▶ **Aim of the task**
Write again exactly the lines in the listing below, starting at the line with "Saturated Color Gem" and ending at the line with "Excello Global Products", both included. Pictures are not copied.

▶ **Task inputs**
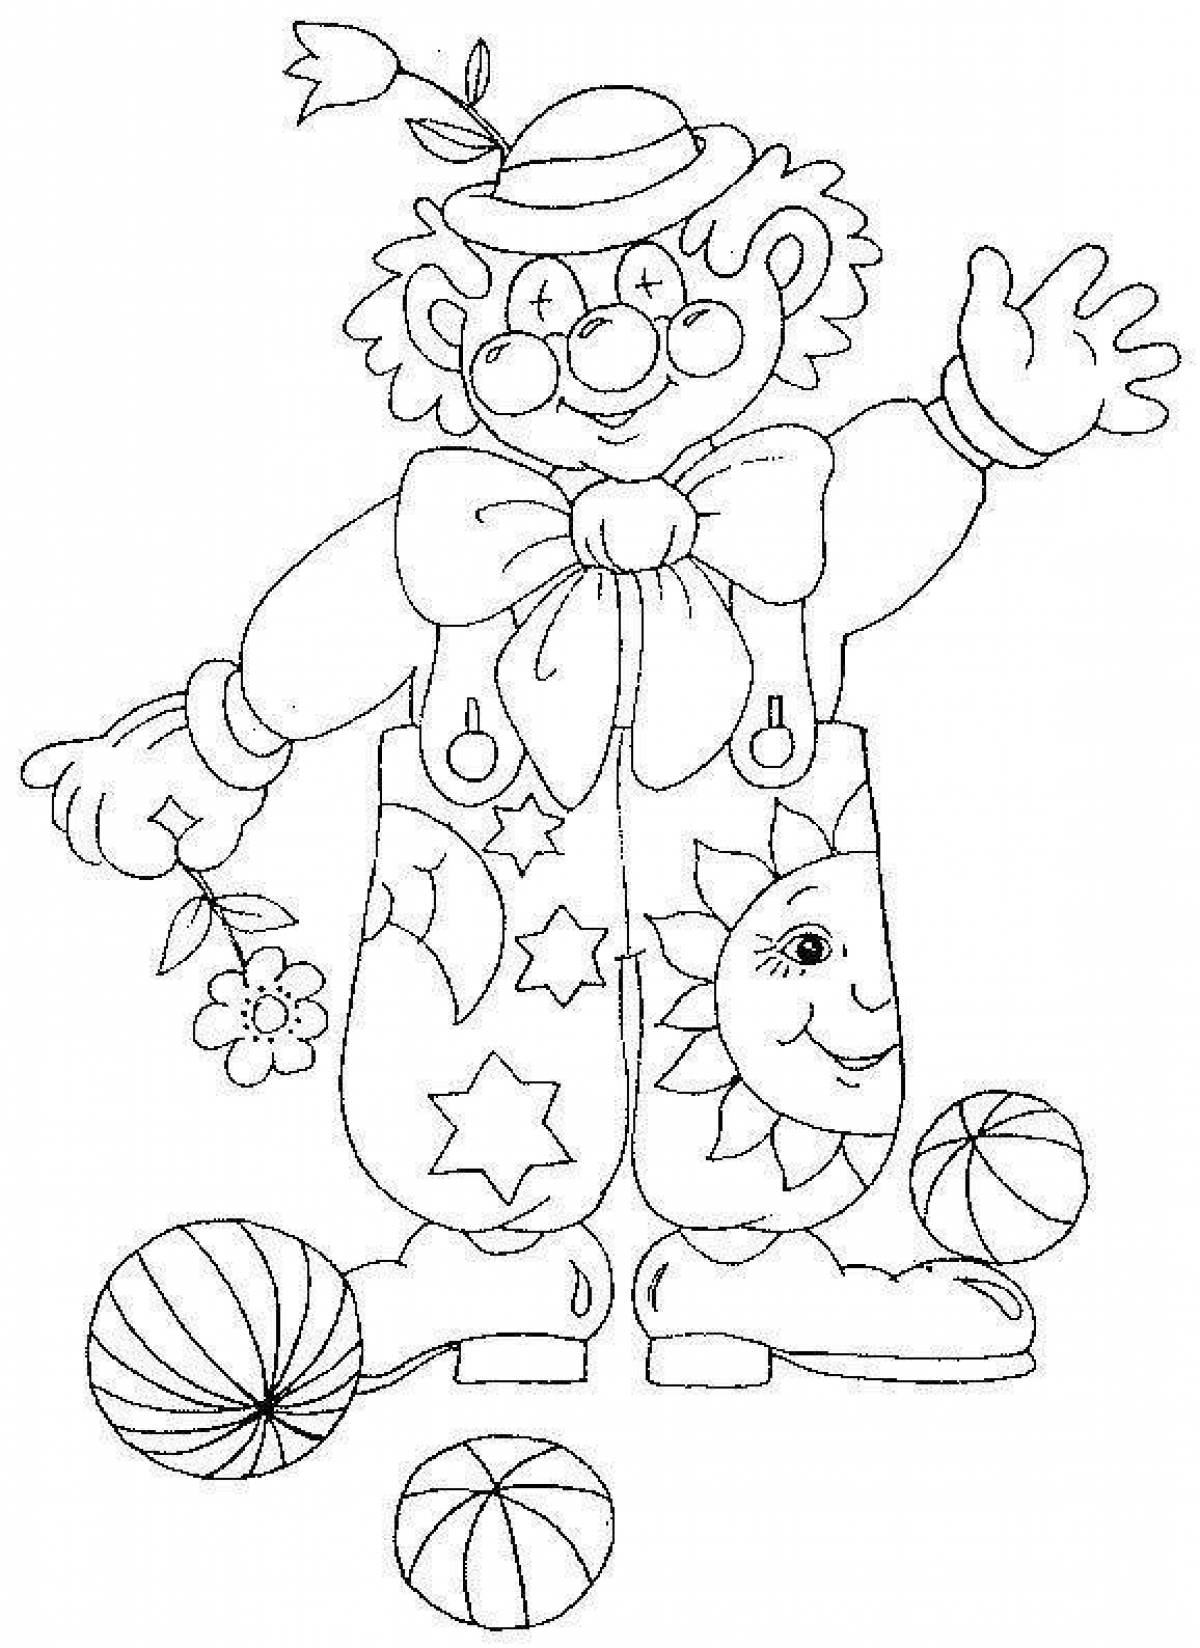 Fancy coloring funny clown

---

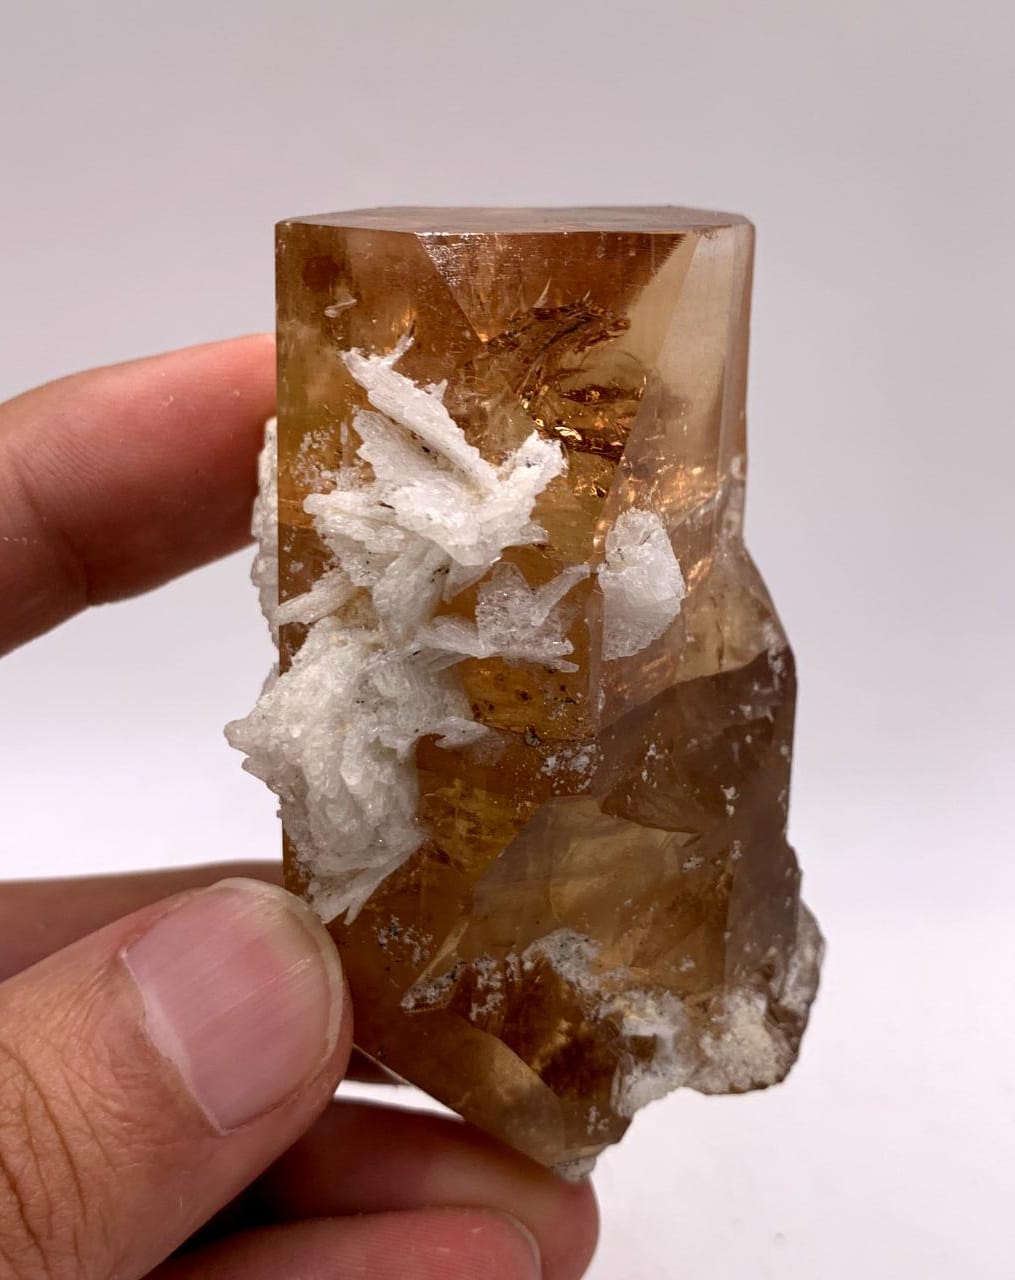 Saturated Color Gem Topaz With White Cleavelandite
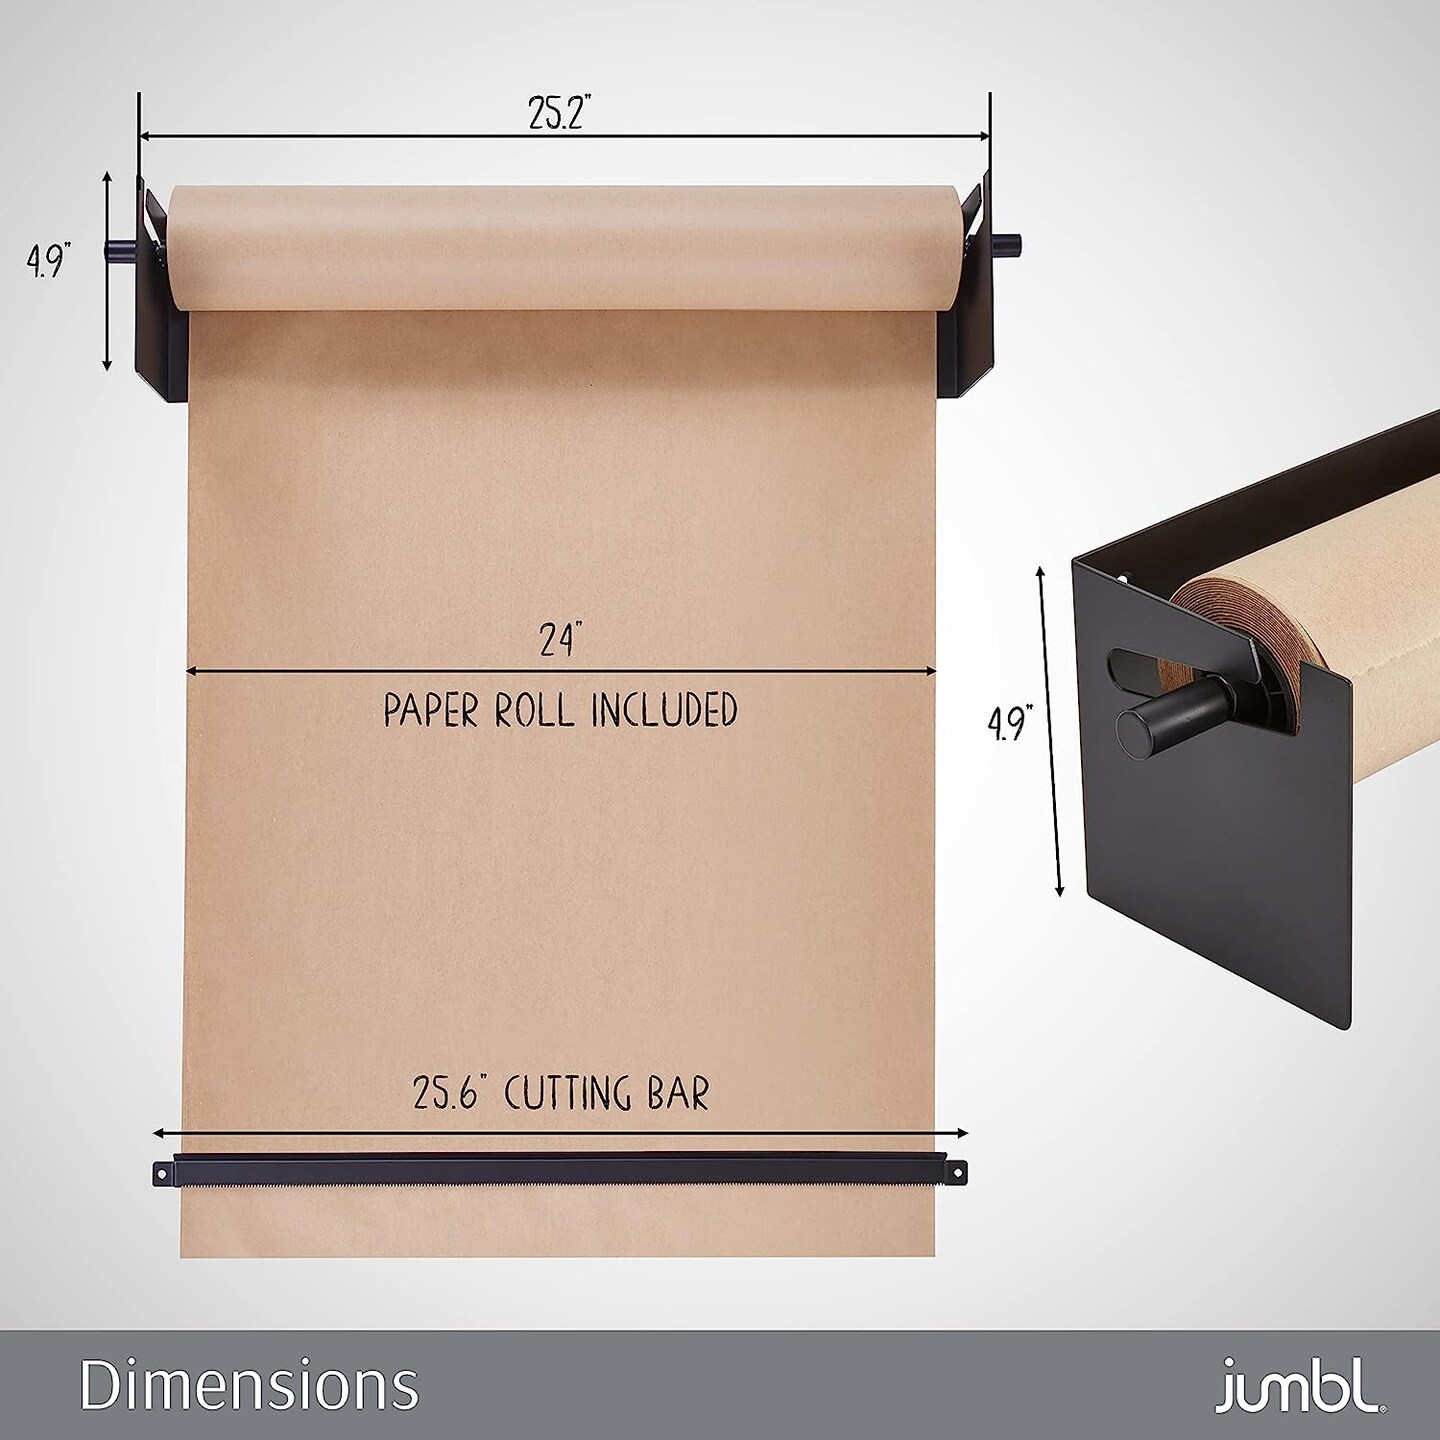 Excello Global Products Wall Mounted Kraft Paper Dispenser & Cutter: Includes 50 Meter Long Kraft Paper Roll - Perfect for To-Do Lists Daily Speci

▶ **Worked solution**
 Saturated Color Gem Topaz With White Cleavelandite
 Excello Global Products Wall Mounted Kraft Paper Dispenser & Cutter: Includes 50 Meter Long Kraft Paper Roll - Perfect for To-Do Lists Daily Speci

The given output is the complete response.